KEY DATA: ADP Jobs: 172,000; Small: 95,000; Small: 25,000/ Layoffs: 38,536/ Claims: Down 16,000

IN A NUTSHELL: “The only thing that seems to be holding back the labor market is skittishness on the part of large corporate CEOs.”

WHAT IT MEANS: Tomorrow is the “all-important” employment report and after the May debacle, we could really use a good one. That could happen, as the recent labor market data have been quite good. Earlier this week, the Institute for Supply Management reported that nonmanufacturing companies increased their hiring, which echoed their manufacturing report. Also, the Paychex/IHS small business index jumped in June. Today, we got three reports that all pointed to stronger job growth.

The ADP private sector job number came in above expectations. Small and medium sized businesses added workers solidly. The only laggard was the large corporate sector, especially firms that employ 1000 workers or more. Big company CEOs have been the least optimistic for much of this recovery and their failure to actively hire, which stands in stark contrast to small business employers, is what is restraining the economy.

Challenger, Gray and Christmas reported that layoffs in June were down almost 15% from June 2015. The number of job cuts slowed in the past two months as the energy sector stabilized. Remember, the payroll change is the difference between job losses and gains, so the smaller the number of layoffs, the larger the gain. Of course, these are just announcements and there is a lag between notices and actual reductions, if those reductions actually occur.

Finally, unemployment claims plummeted and we are back at record low levels when you adjust for the size of the labor force. That reinforces the view that firms are holding on to their workers tightly.

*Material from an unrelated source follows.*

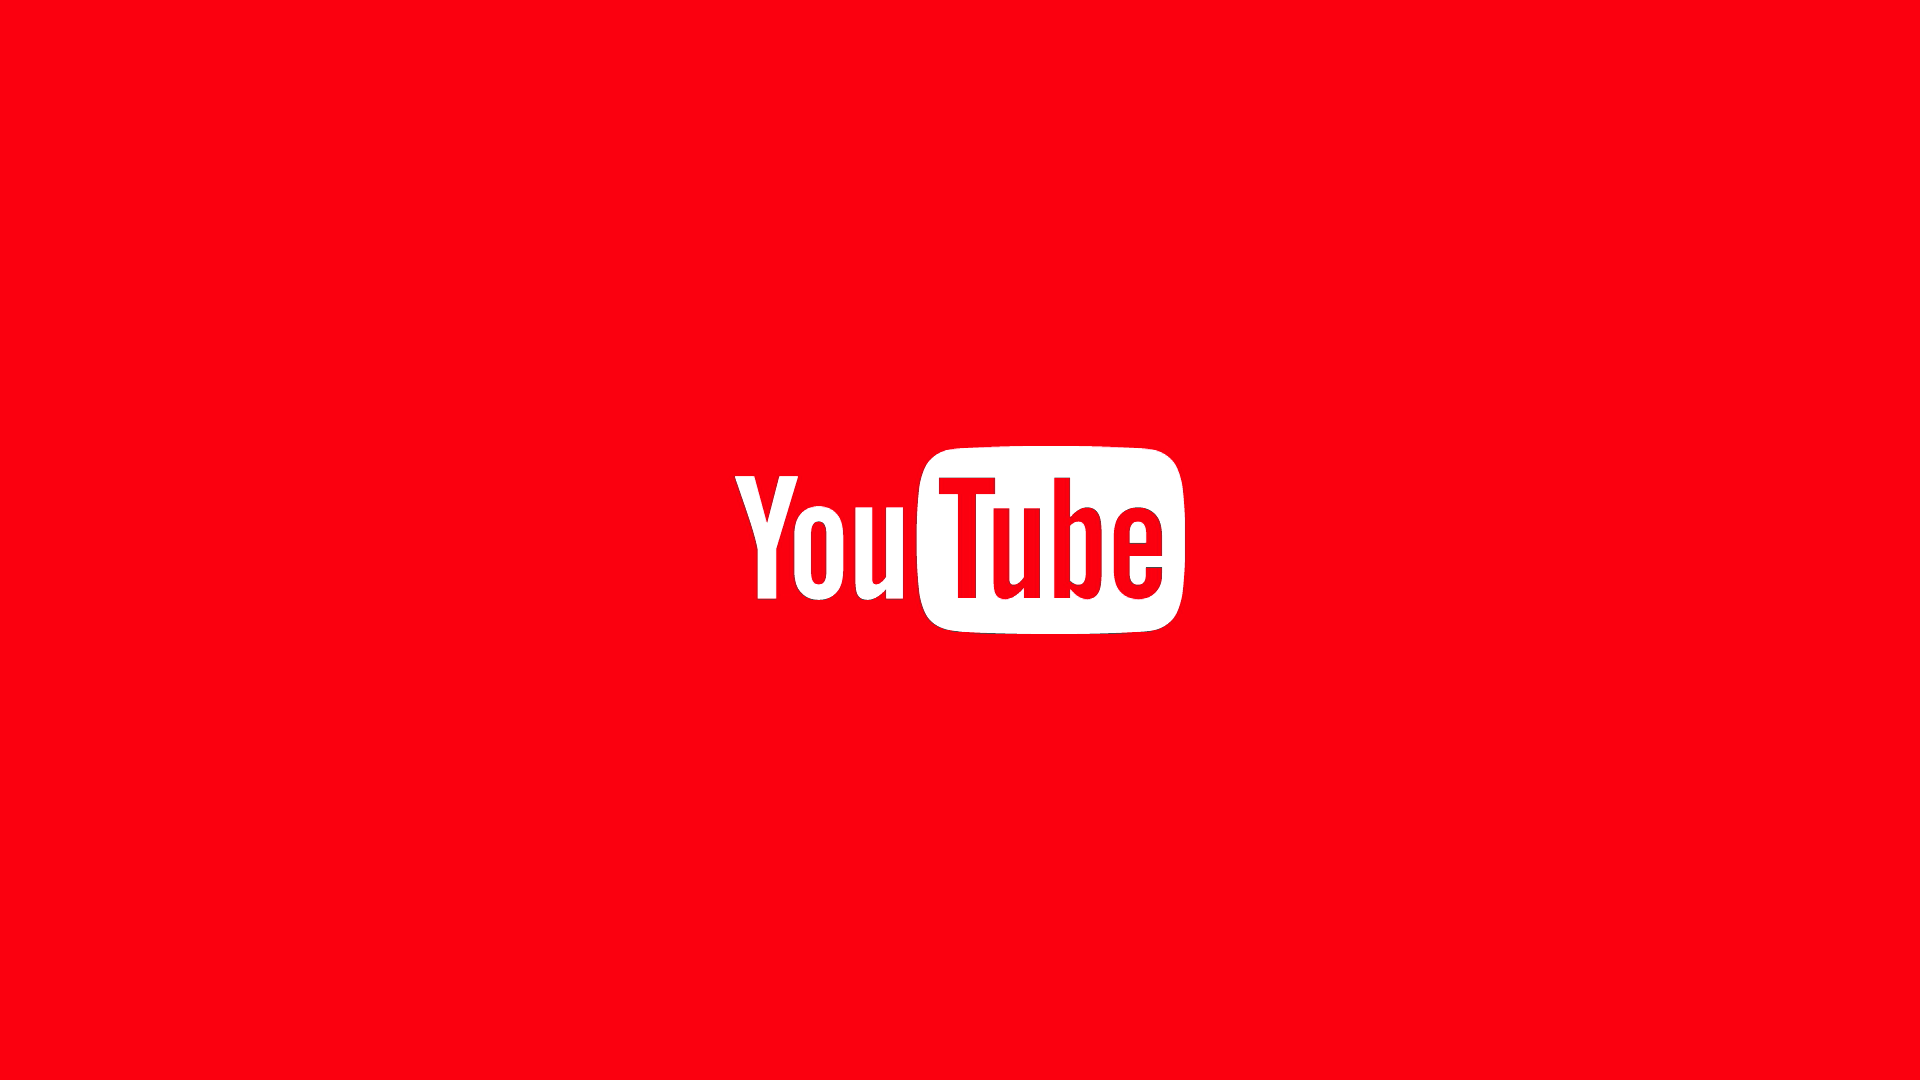 YouTube မှ အန္တရာယ်များပြီး စိတ်ထိခိုက်မှုရစေသော နောက်ပြောင်မှုများကို Video ရိုက်တင်ခြင်းအား သူတို့၏ platform ပေါ်တွင် တားမြစ် 

MARKETS AND FED POLICY IMPLICATIONS: Despite two consecutive modest job growth numbers, the labor market does not seem to be faltering. The apparent willingness of small business owners to bring on new workers is a clear sign that the economy is moving forward solidly. Indeed, second quarter GDP should be pretty good, showing that at least the domestic U.S. economy is in good shape. But will a strong job number and solid GDP growth matter to the Fed? Probably not. The members are like pinballs, bouncing from one temporary crisis to the next. Whether it was China, or the equity markets, or emerging markets, or a GDP or job slowdown or now Brexit, none of which changed the course of anything, the Fed told us that it would act cautiously. With the Brexit issue needing time to run its course, and the Fed indicating in the minutes of its June meeting that it wanted to know more about the potential impacts of Brexit, the likelihood of a Fed move anytime soon has disappeared. Really, if in order to raise rates again, the Fed members need a perfect world of solid U.S. job and economic growth, above-target inflation and no problems anywhere around the world, why don’t they just come out and admit they have no desire to raise rates. The chances of all those things occurring at once are slim. But, Chair Yellen and her merry band of skittish monetary authorities will continue the fiction that every meeting is “a live one”. Please, get your act together and just come out and say that the Fed would rather risk having few bullets when the next downturn occurs than raising rates and risking that the economy falters. That is the choice the members are facing and they routinely vote to keep the chamber empty.